Task statement
Copy out the lines beginning with the one that contains "Rabbit Hole BoxerGrail" and ending with the last line below, exactly as they stand. Pictures are not copied.

Recorded information
------------

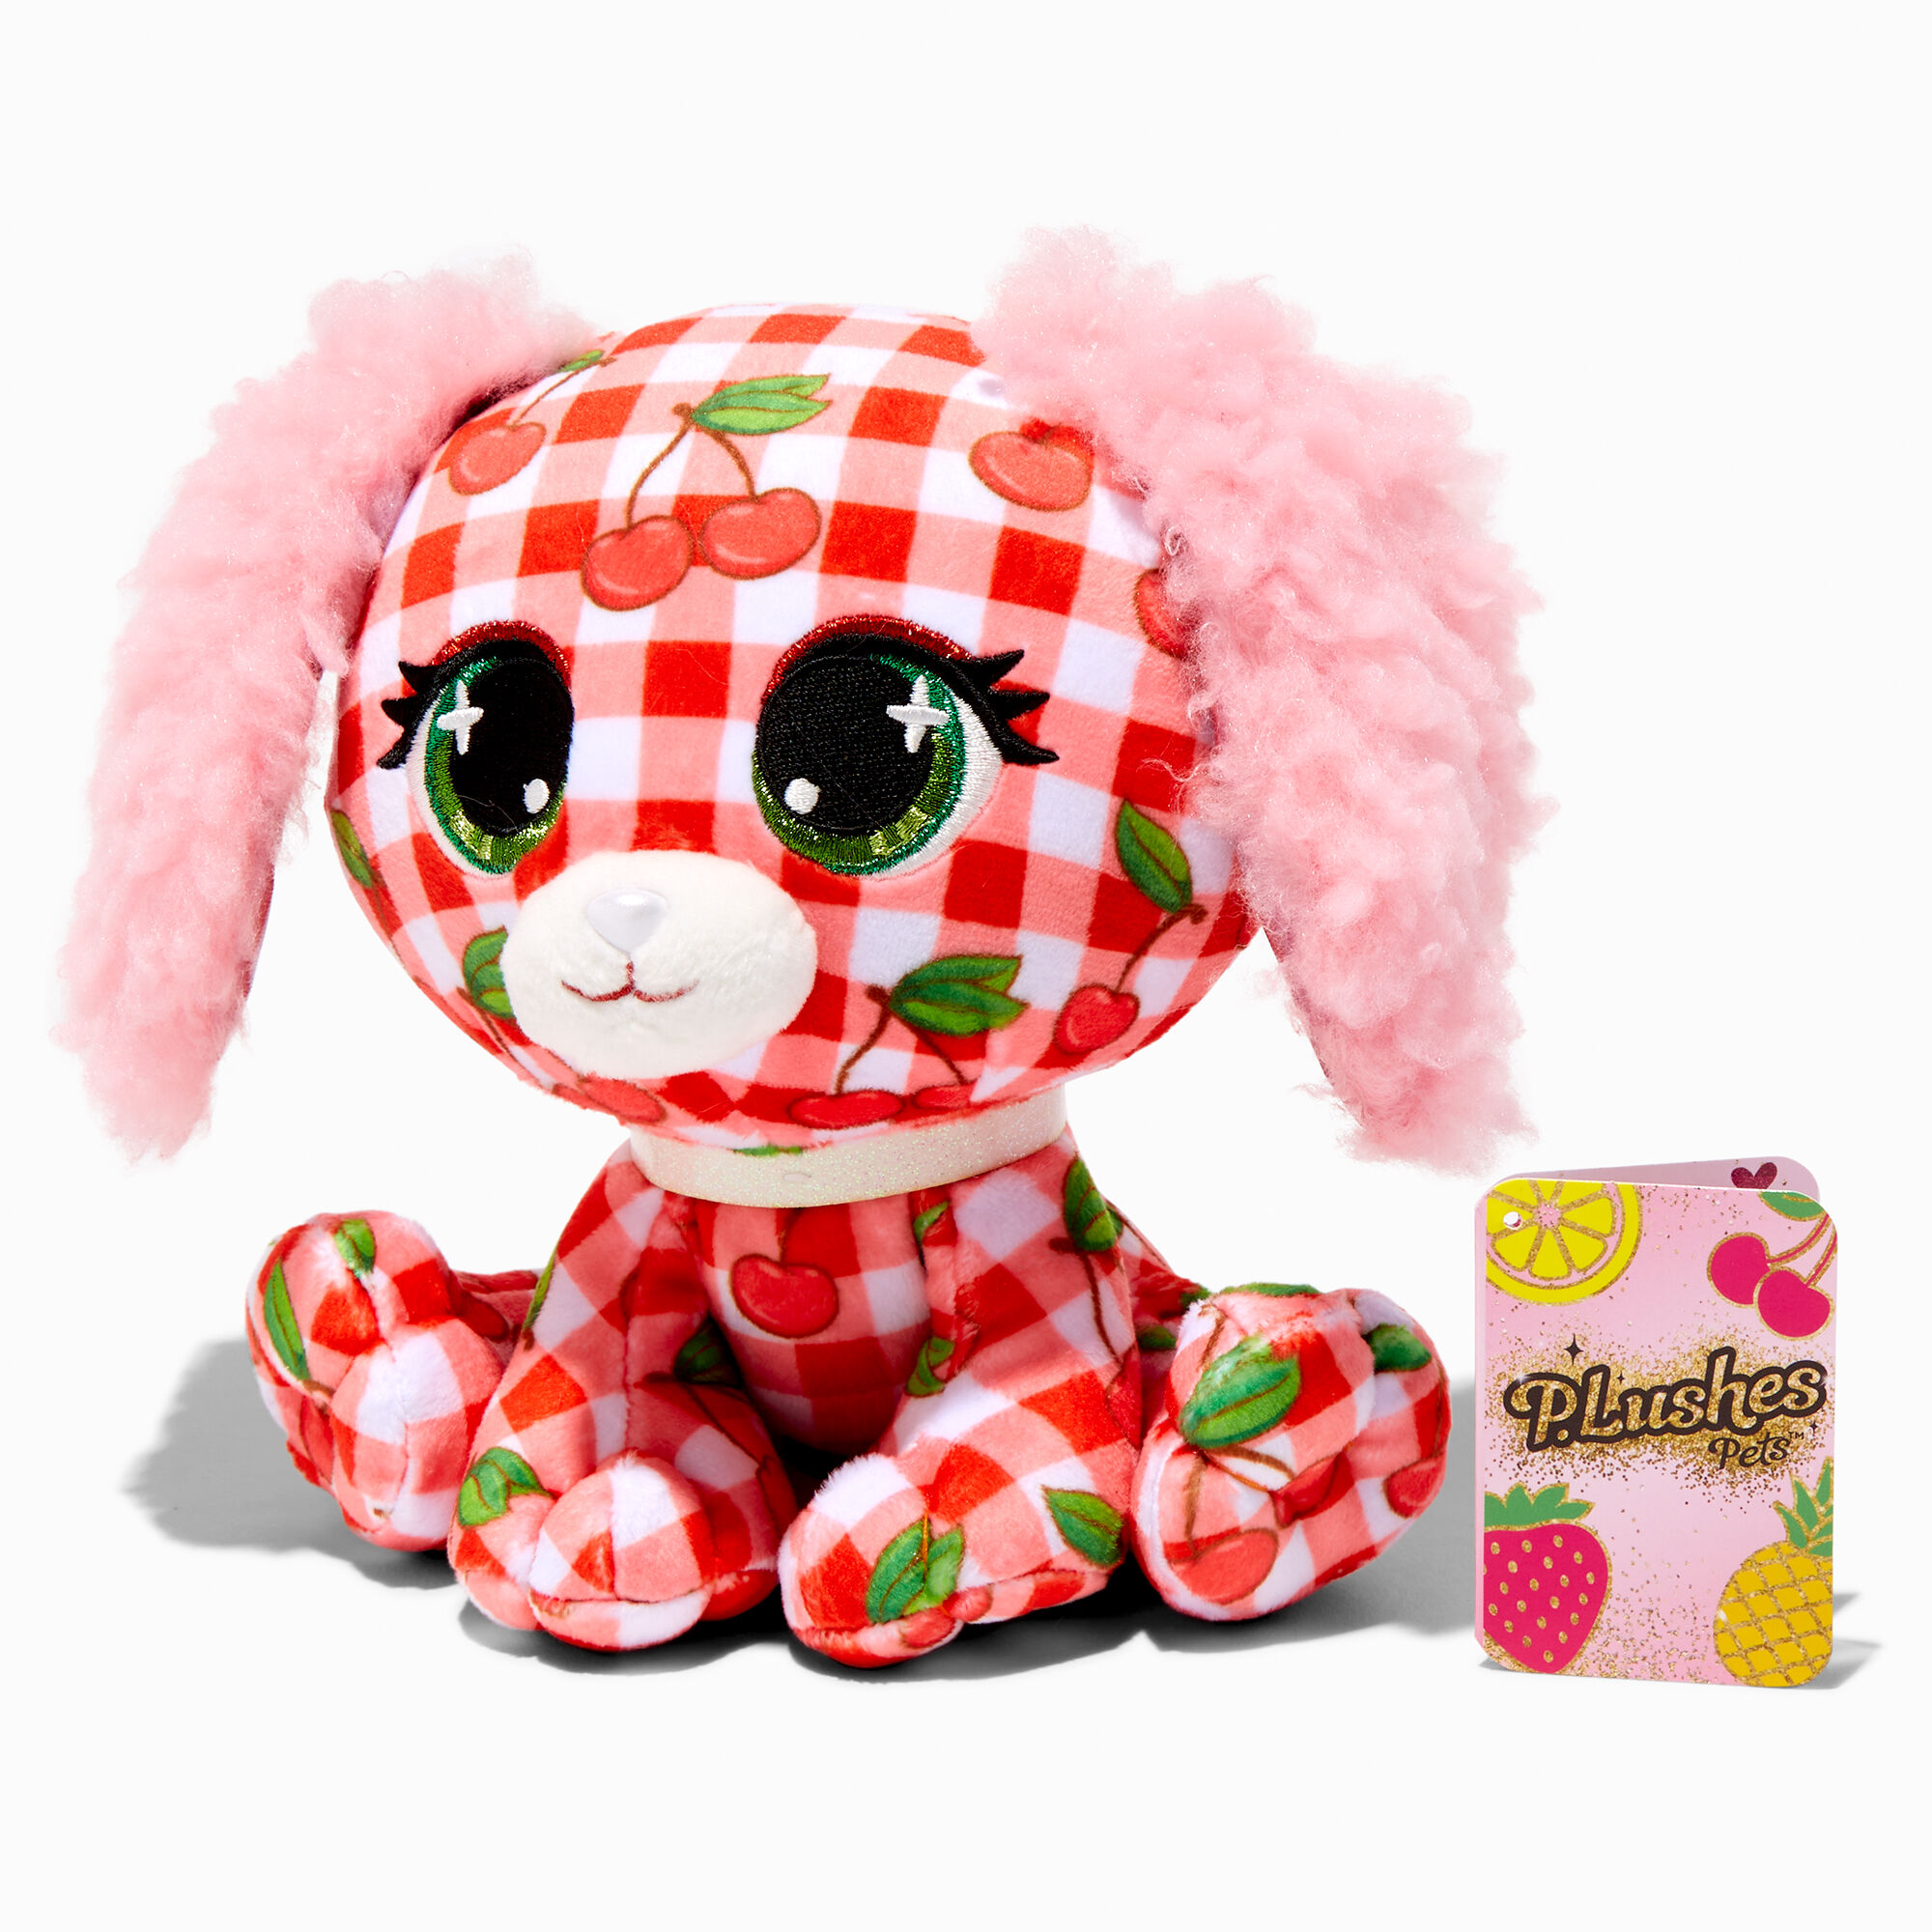 View Claires Plushes Pets Juicy Jam Collection Summer Cerise Soft Toy information
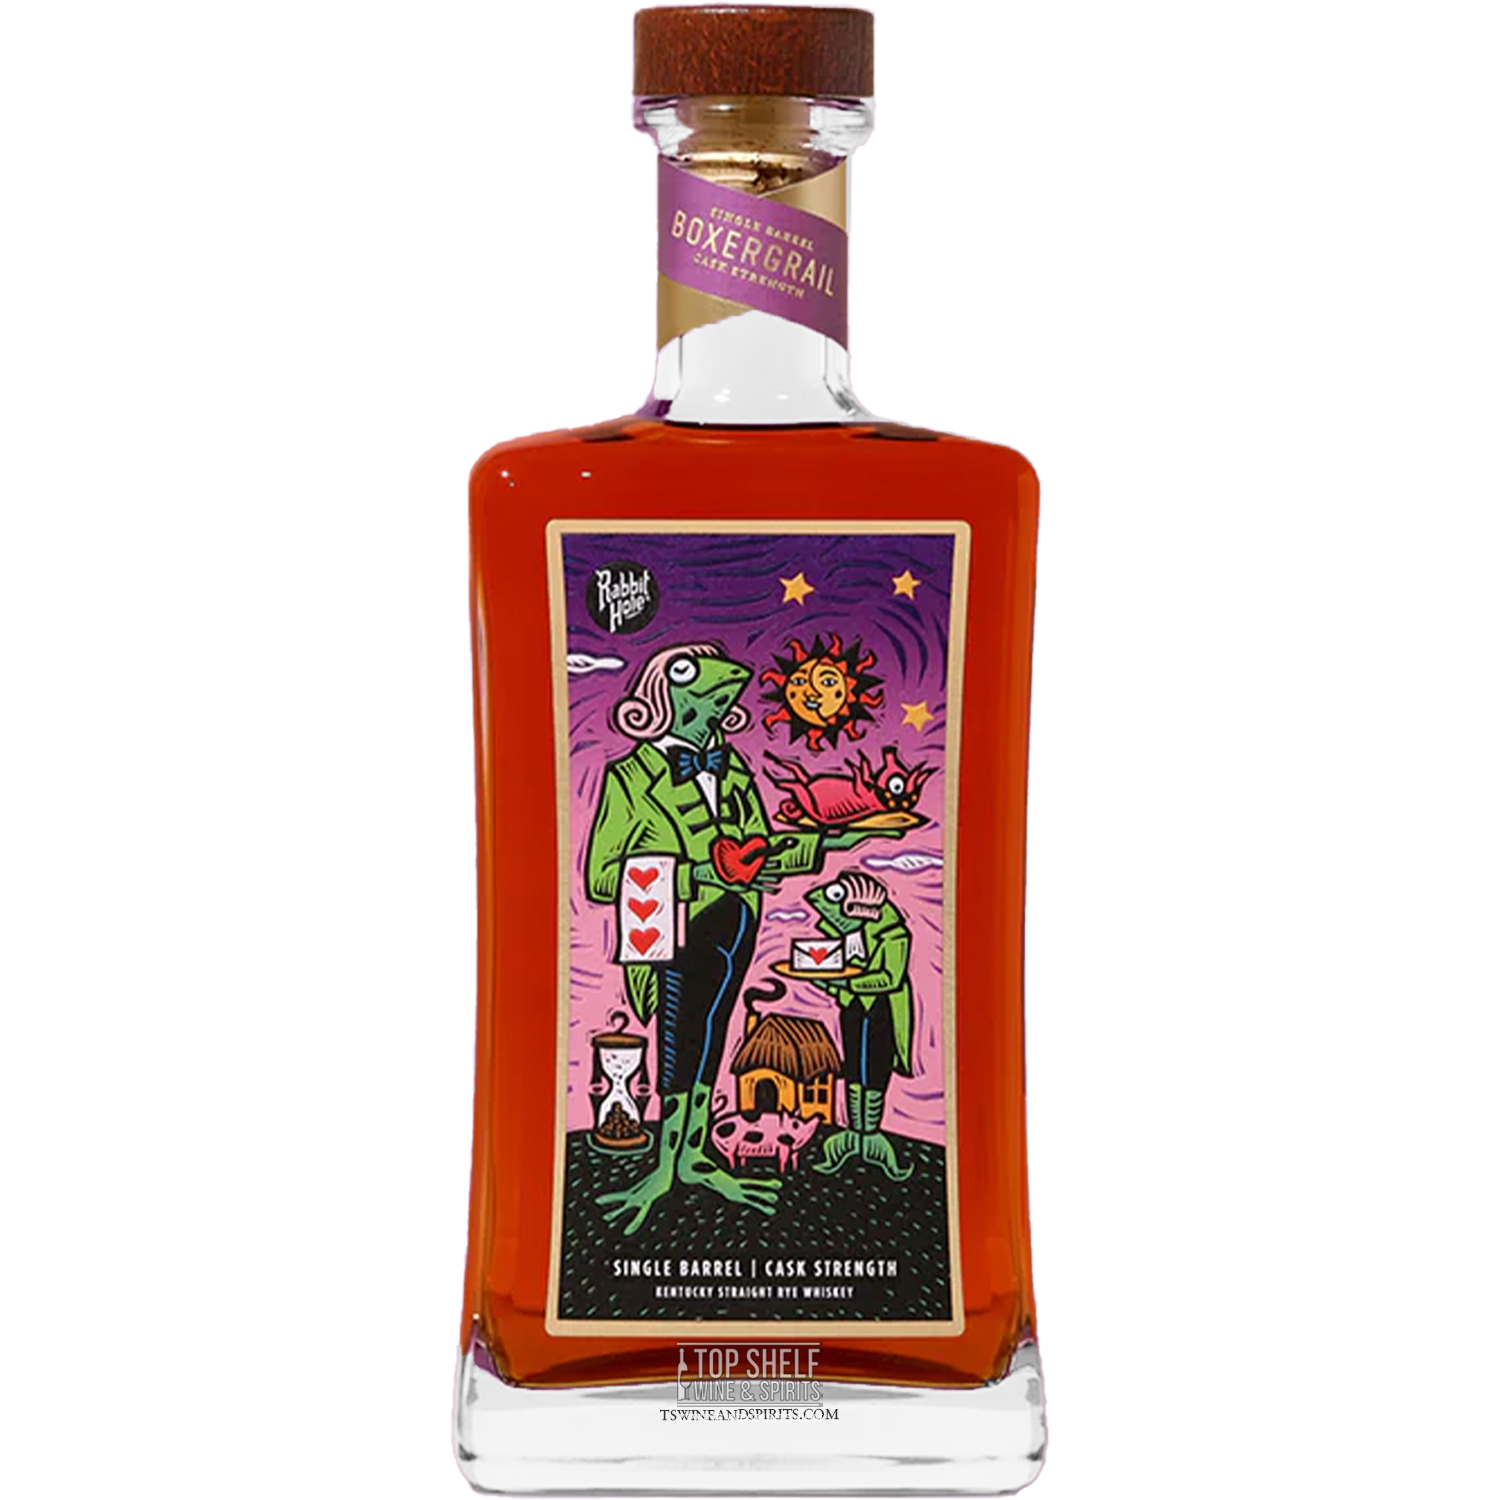 Rabbit Hole BoxerGrail Cask Strength Limited Edition Art Series - Frog
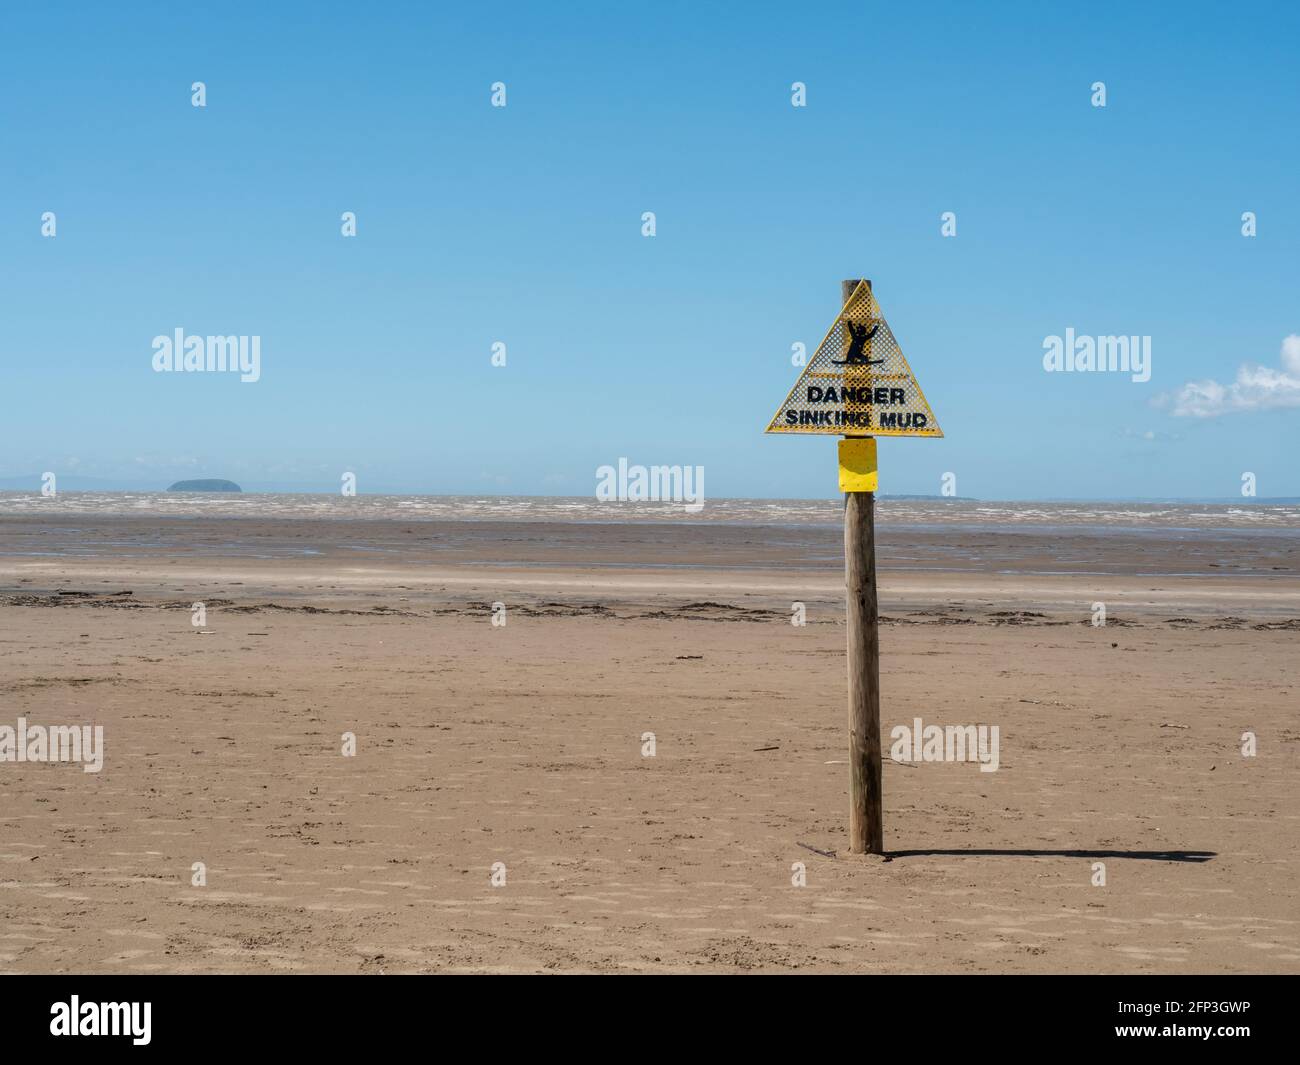 A warning sign about the danger of sinking mud at low tide, in Sand Bay, near Weston-super-Mare, in North Somerset. Stock Photo
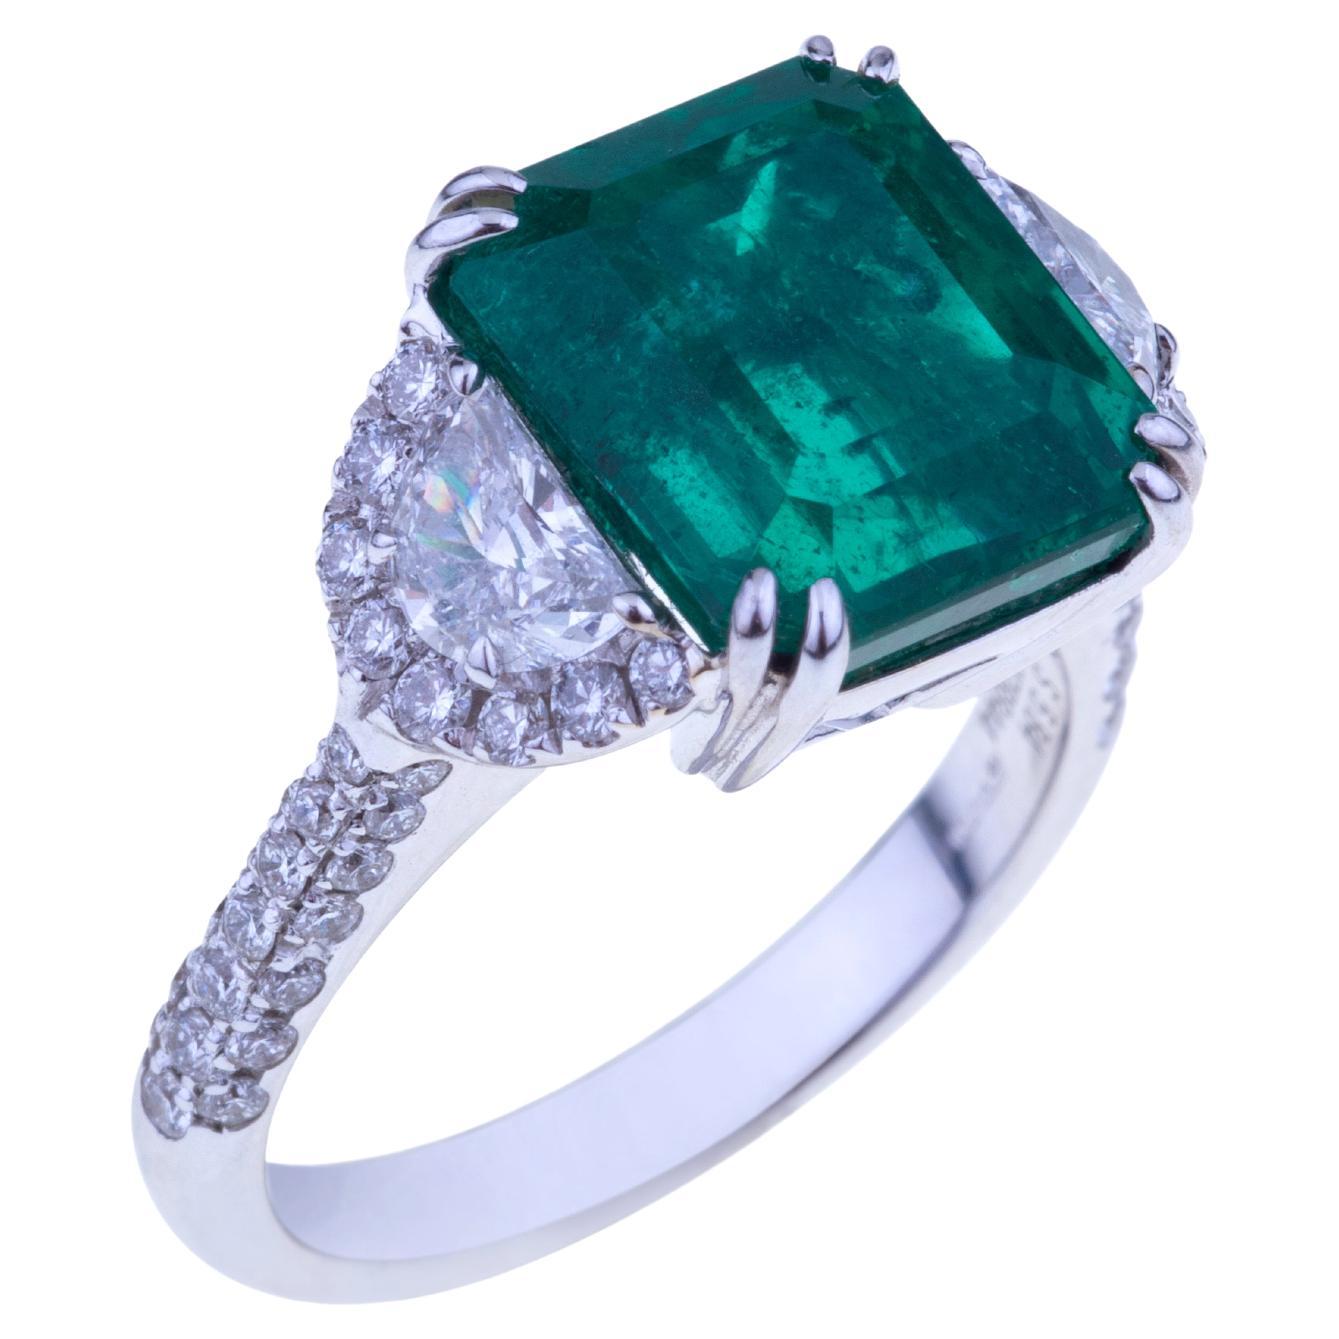 Stunning Emerald Ring ct. 5.84 with Diamonds. Unique stone.

------------

Exercise answer
 Rabbit Hole BoxerGrail Cask Strength Limited Edition Art Series - Frog
 A warning sign about the danger of sinking mud at low tide, in Sand Bay, near Weston-super-Mare, in North Somerset. Stock Photo
 Stunning Emerald Ring ct. 5.84 with Diamonds. Unique stone.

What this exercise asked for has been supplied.